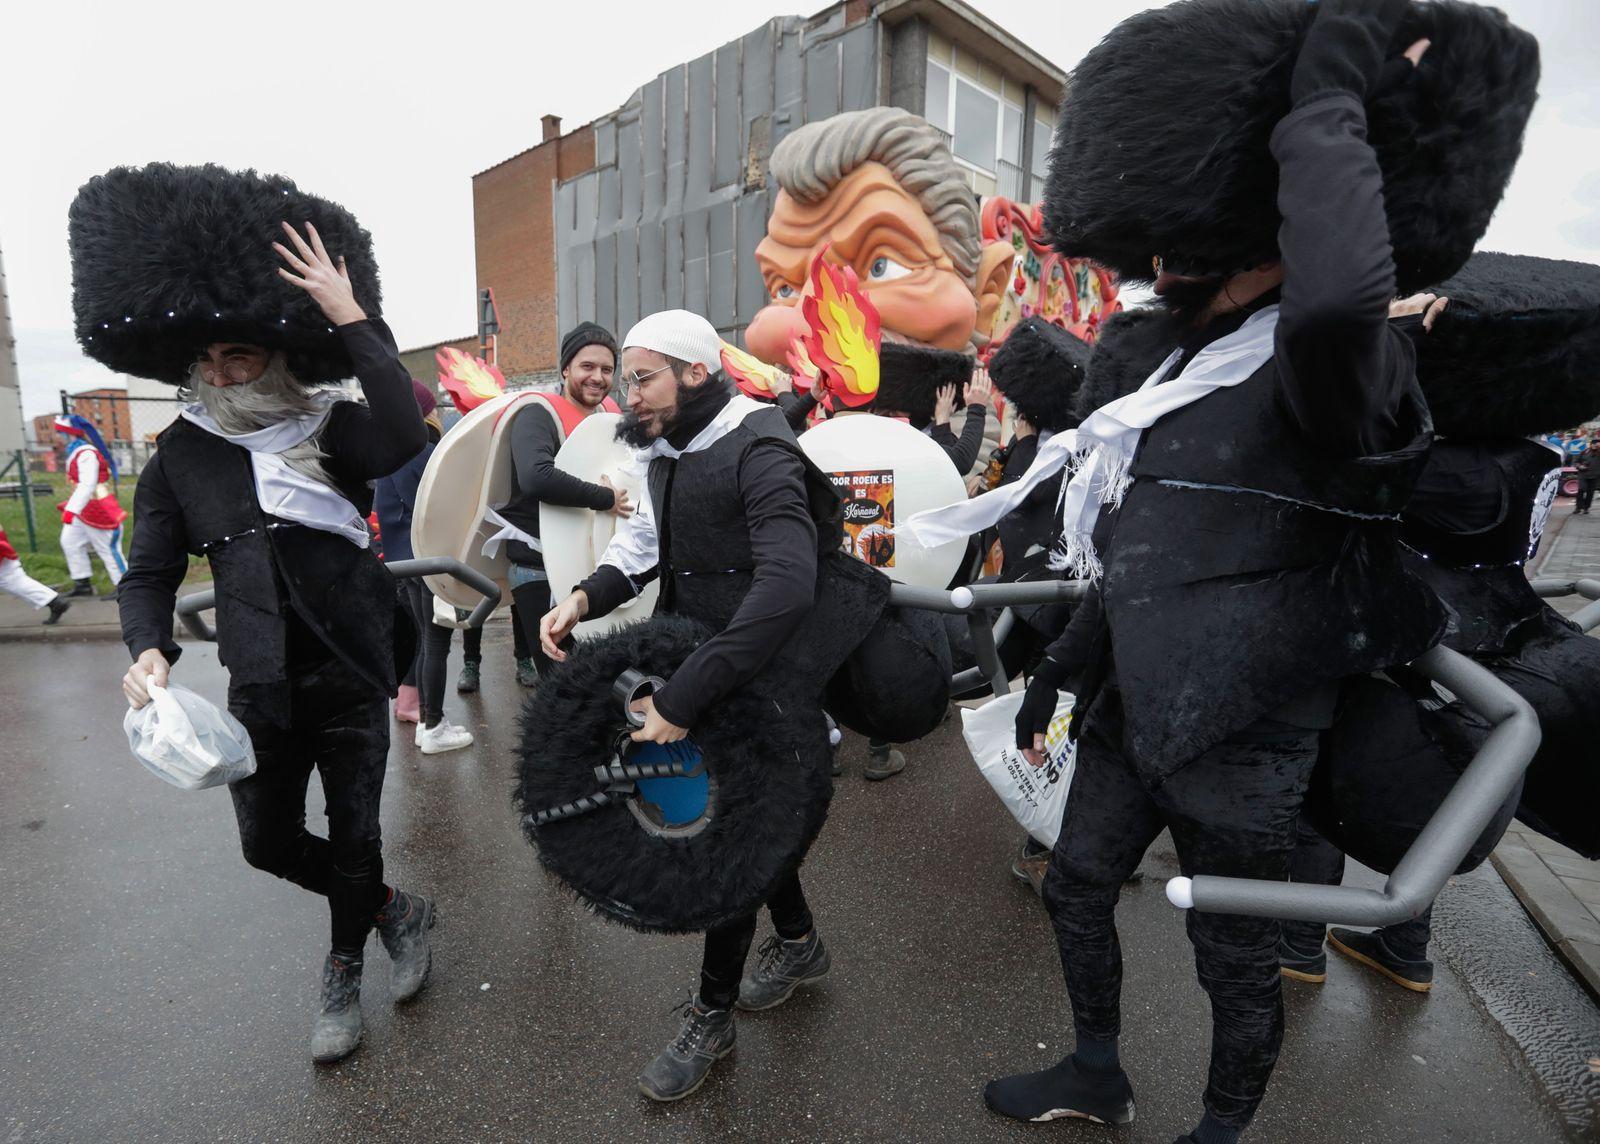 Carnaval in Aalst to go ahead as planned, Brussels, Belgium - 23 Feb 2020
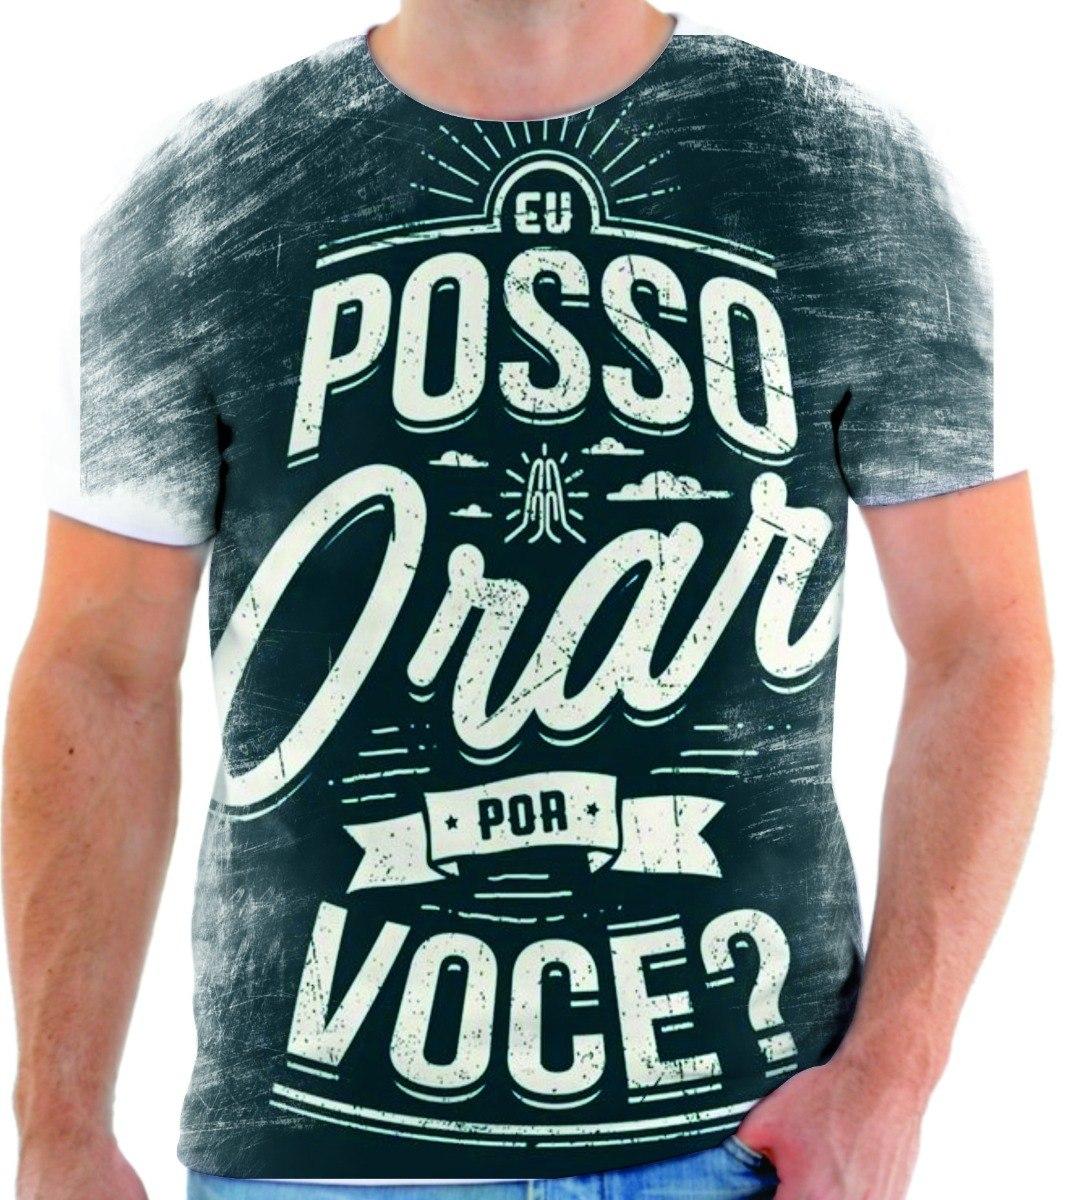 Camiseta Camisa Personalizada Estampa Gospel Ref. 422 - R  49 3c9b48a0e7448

---

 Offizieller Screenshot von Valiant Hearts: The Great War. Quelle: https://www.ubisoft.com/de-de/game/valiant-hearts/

• Exercise
Copy everything above from the line holding "Carnaval in Aalst" down to the line holding "Camiseta Camisa Personalizada", both ends included, exactly as it stands and without the pictures.

• Result of this task
 Carnaval in Aalst to go ahead as planned, Brussels, Belgium - 23 Feb 2020
 Camiseta Camisa Personalizada Estampa Gospel Ref. 422 - R  49 3c9b48a0e7448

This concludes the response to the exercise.